We conducted a prospective observational study (February 2016-August 2017) of 30 consecutive patients with MRI-diagnosed CNS granulomas at a tertiary referral center. Comprehensive clinical assessment, multisequence MRI including diffusion-weighted imaging (DWI), apparent diffusion coefficient (ADC) mapping, and selective MR spectroscopy were performed. Stereotactic biopsy was undertaken for lesions demonstrating treatment failure or accessible progression. Primary endpoints included imaging-histopathology concordance and clinical/radiological response at 3–6 months.

Results

The cohort comprised 22 females and 8 males (mean age 24.8 years, range 11–56). Presenting features included headache (96.7%) and seizures (86.7%). Baseline MRI demonstrated lesions < 2 cm in 86.7%, ring enhancement in 80.0%, central T2 hypointensity in 66.7%, and conglomerate morphology in 53.3%. Initial radiological assessment favored tuberculoma in 63.3% and neurocysticercosis in 20.0% of cases. Seven patients underwent stereotactic biopsy, revealing tuberculous pathology in 6 (85.7%) and neurocysticercosis in 1 (14.3%). Critically, among four patients with worsening lesions initially treated as neurocysticercosis, three (75.0%) proved tuberculous on histopathology. At 3–6 month follow-up, 76.7% demonstrated clinical improvement, while 30.0% showed radiological worsening despite appropriate therapy.

Conclusions

Conventional MRI features of CNS granulomas demonstrate substantial overlap across etiologies, with significant potential for misdiagnosis in endemic settings.
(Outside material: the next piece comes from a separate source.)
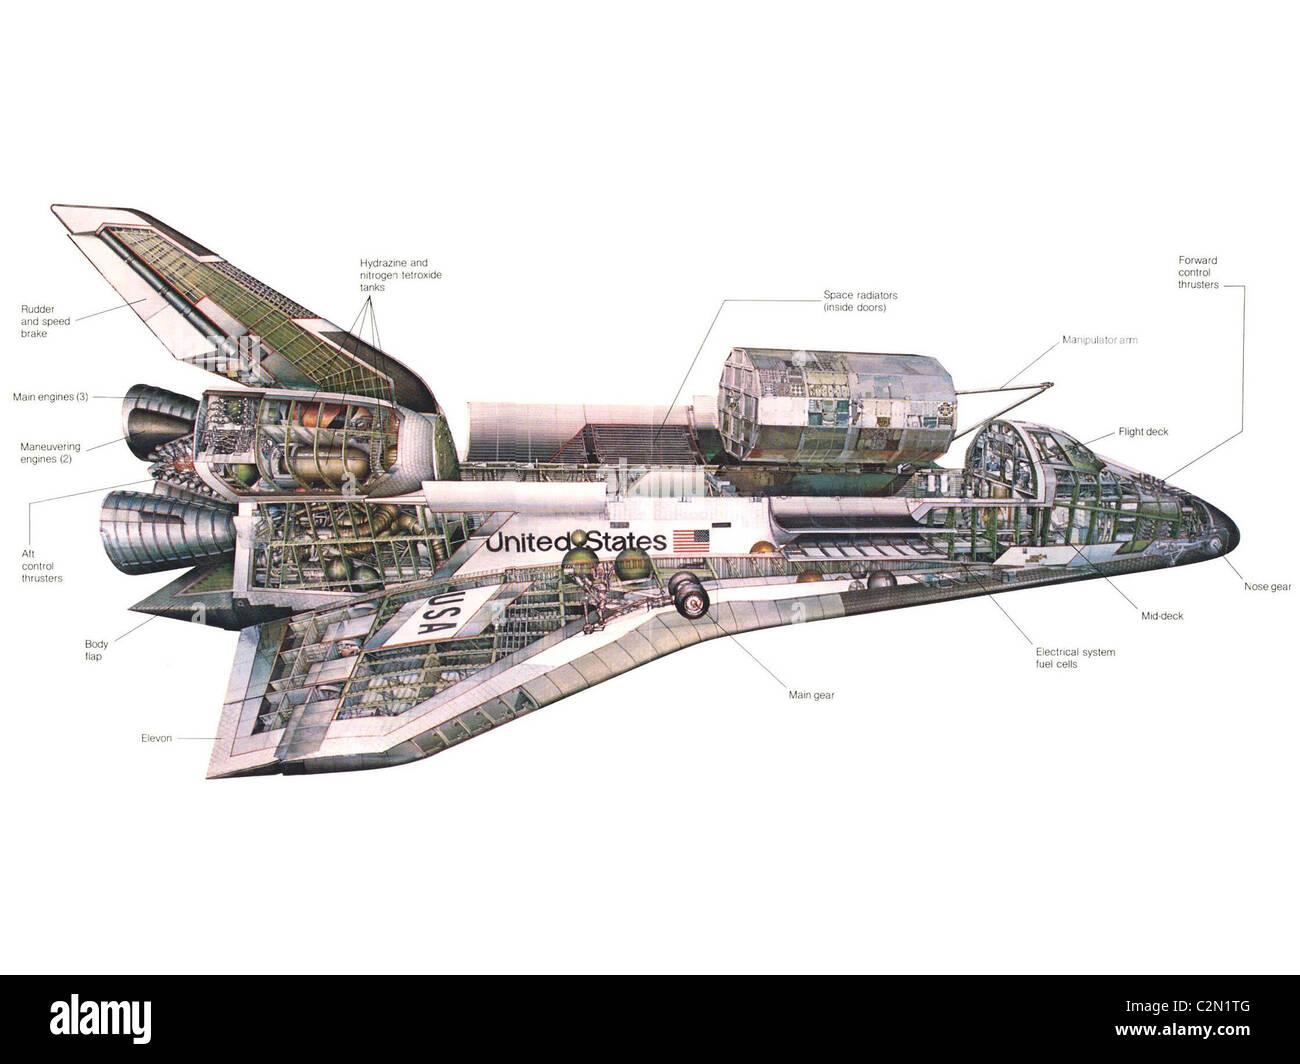 space shuttle orbiter diagram stock photo 36112512 alamy rh alamy com space shuttle diagram nasa space shuttle diagram poster

Multiparametric imaging enhances diagnostic confidence but cannot eliminate misclassification. Early tissue diagnosis of treatment-resistant or progressing lesions frequently alters management and is essential for optimal patient outcomes. These findings support a combined approach incorporating advanced imaging, serial clinical assessment, and timely biopsy when clinically indicated.